Information shown:
----

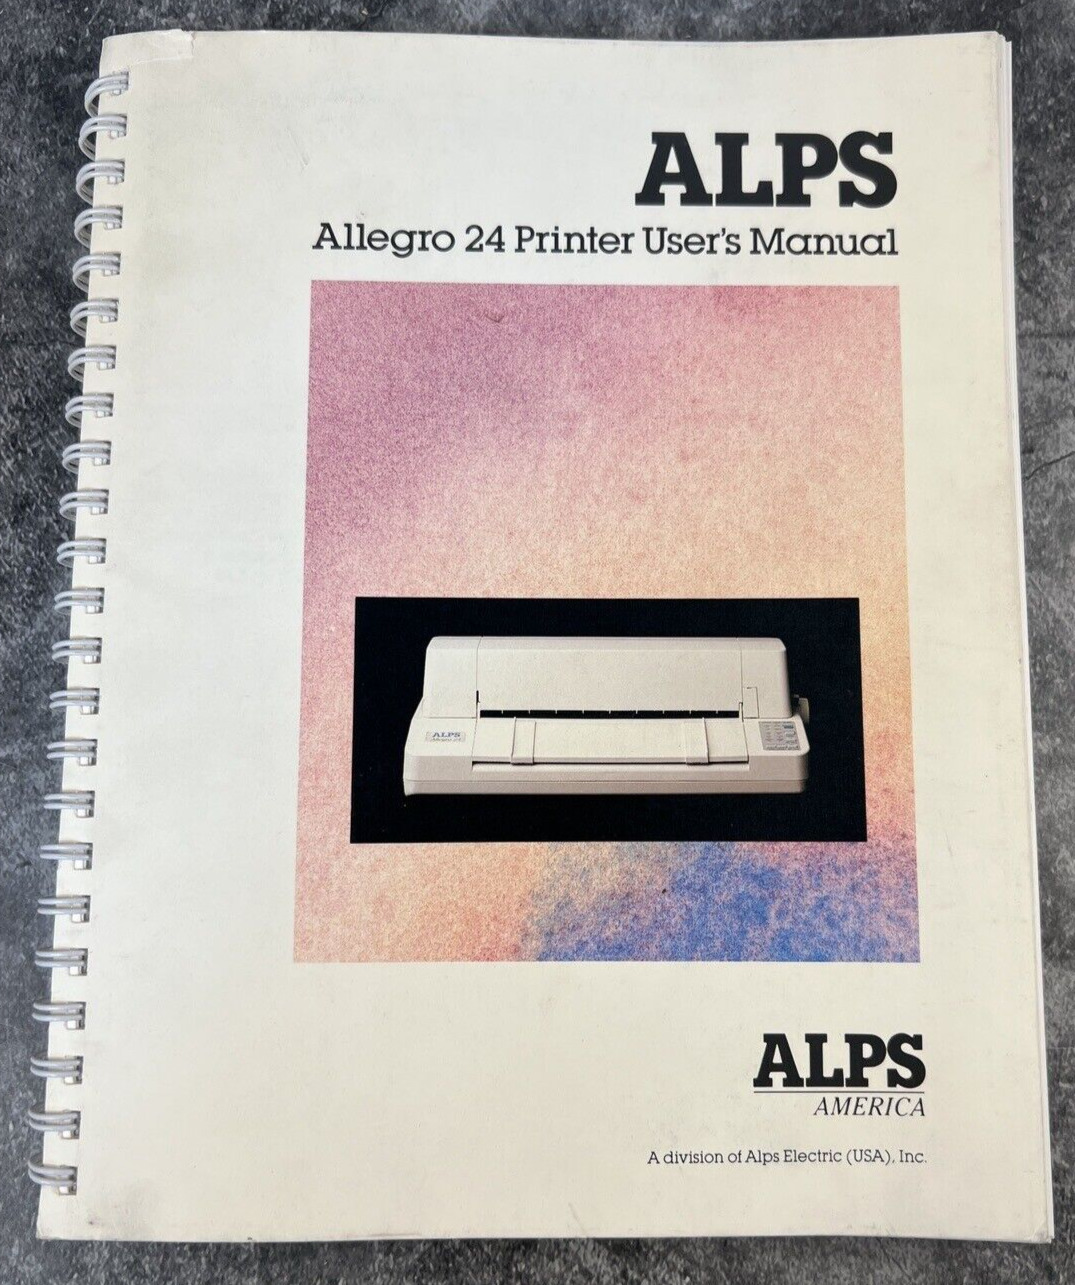 Vintage ALPS America Allegro 24 Printer User's Manual, 1988 Spiral Bound Book
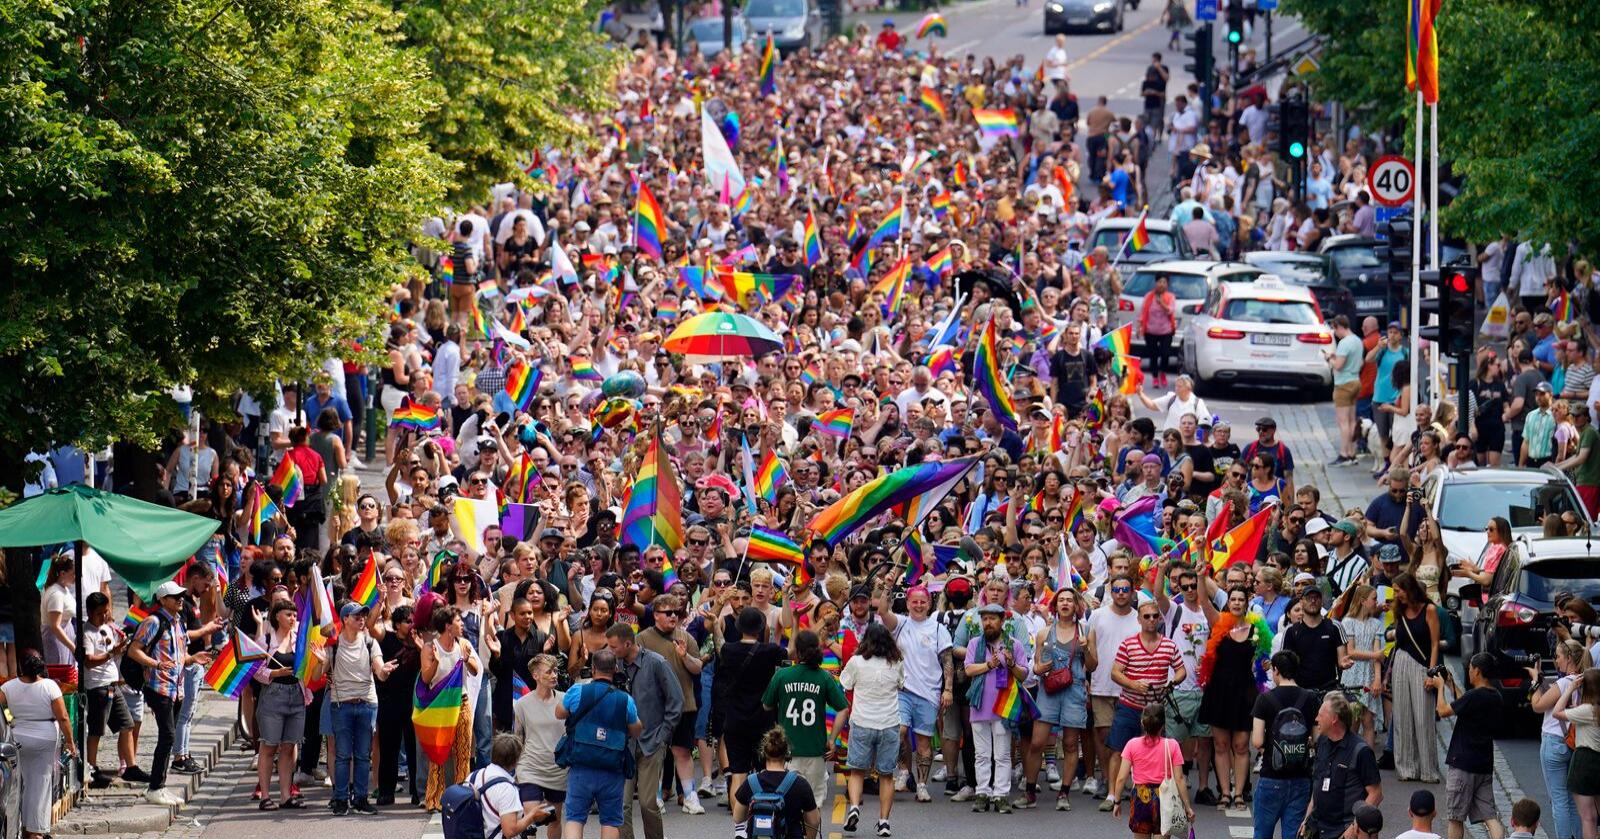 Oslo 26. juni: En gruppe går i tog etter at Oslo Pride avlyste årets tog etter anbefaling fra politiet. Foto: Håkon Mosvold Larsen / NTB
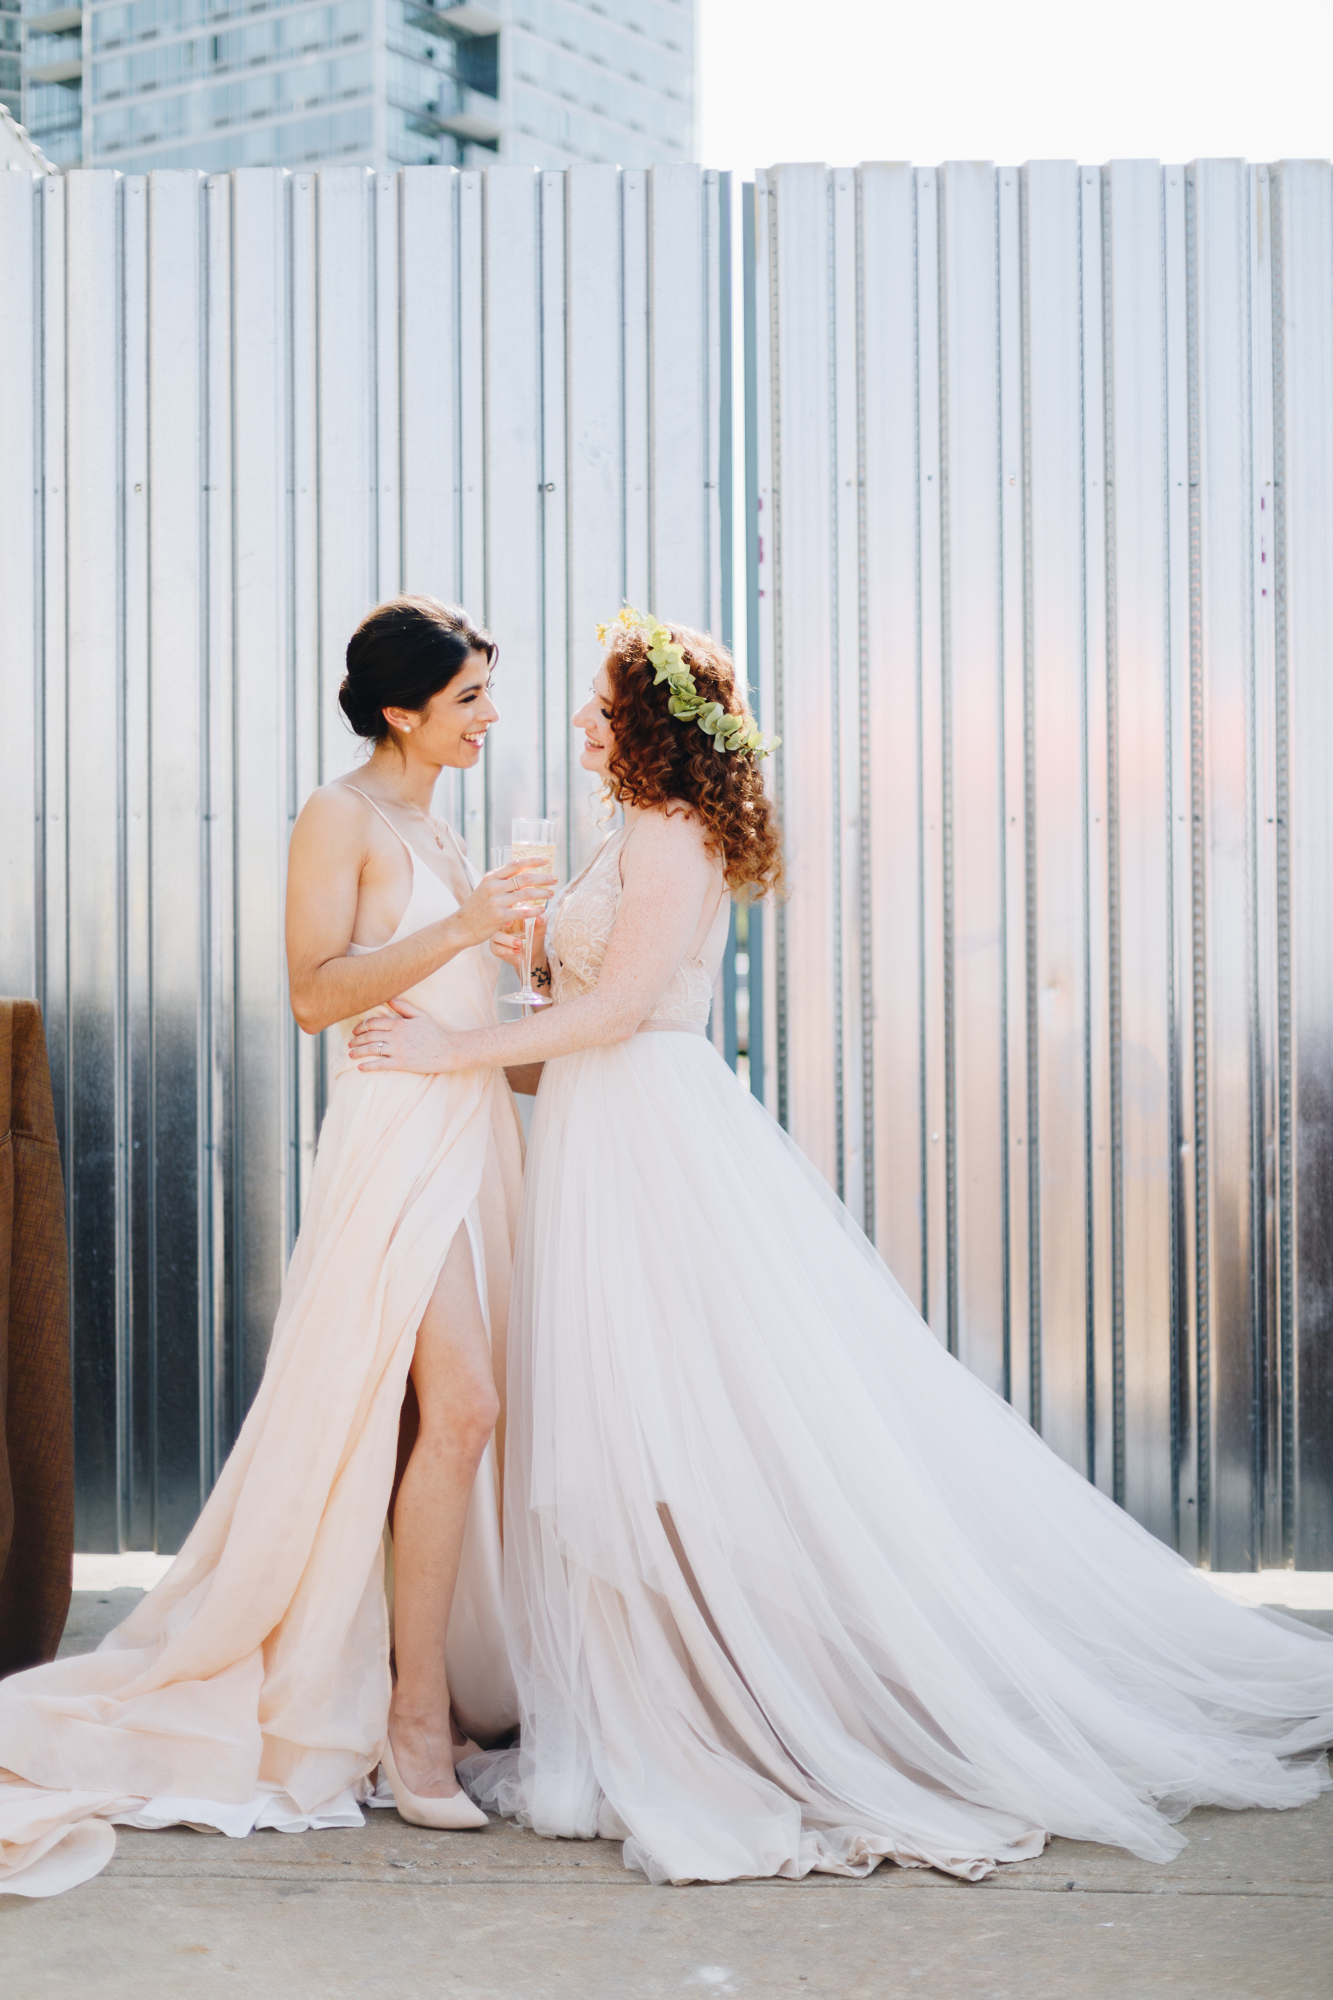 Pretty Radiant LGBTQ Wedding Inspiration at Sound River Studios
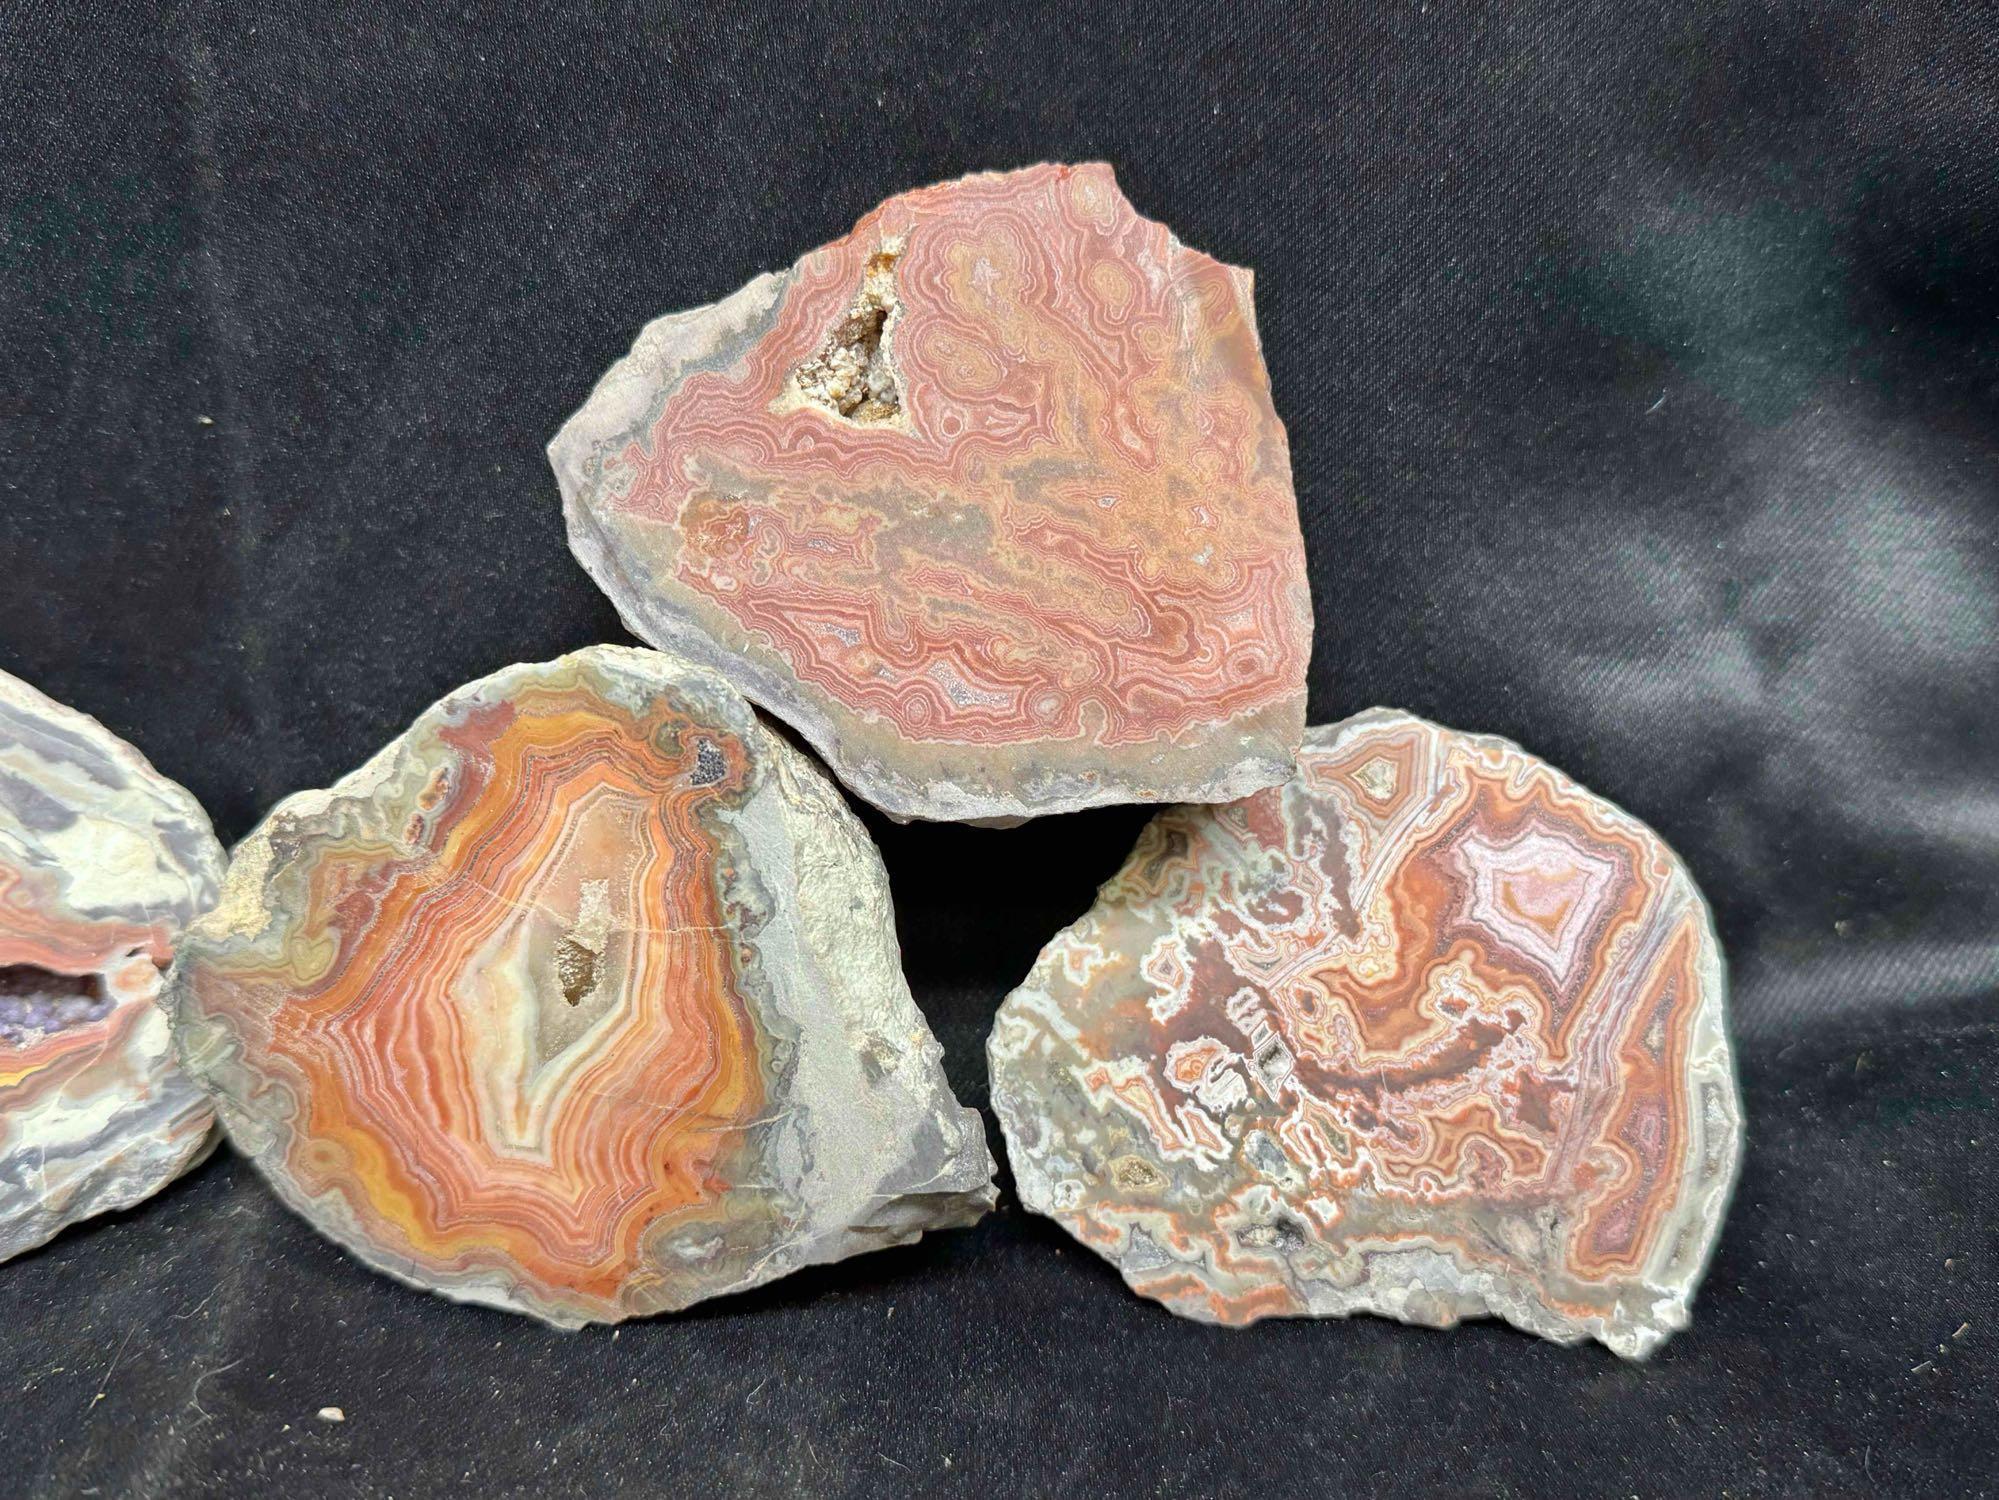 6 Reddish Geode Halves Specimens

----

Instructions for the task:
Give back an exact copy of the material above, omitting the pictures.

Task answer:
 Vintage ALPS America Allegro 24 Printer User's Manual, 1988 Spiral Bound Book
 Oslo 26. juni: En gruppe går i tog etter at Oslo Pride avlyste årets tog etter anbefaling fra politiet. Foto: Håkon Mosvold Larsen / NTB
 Pretty Radiant LGBTQ Wedding Inspiration at Sound River Studios
 6 Reddish Geode Halves Specimens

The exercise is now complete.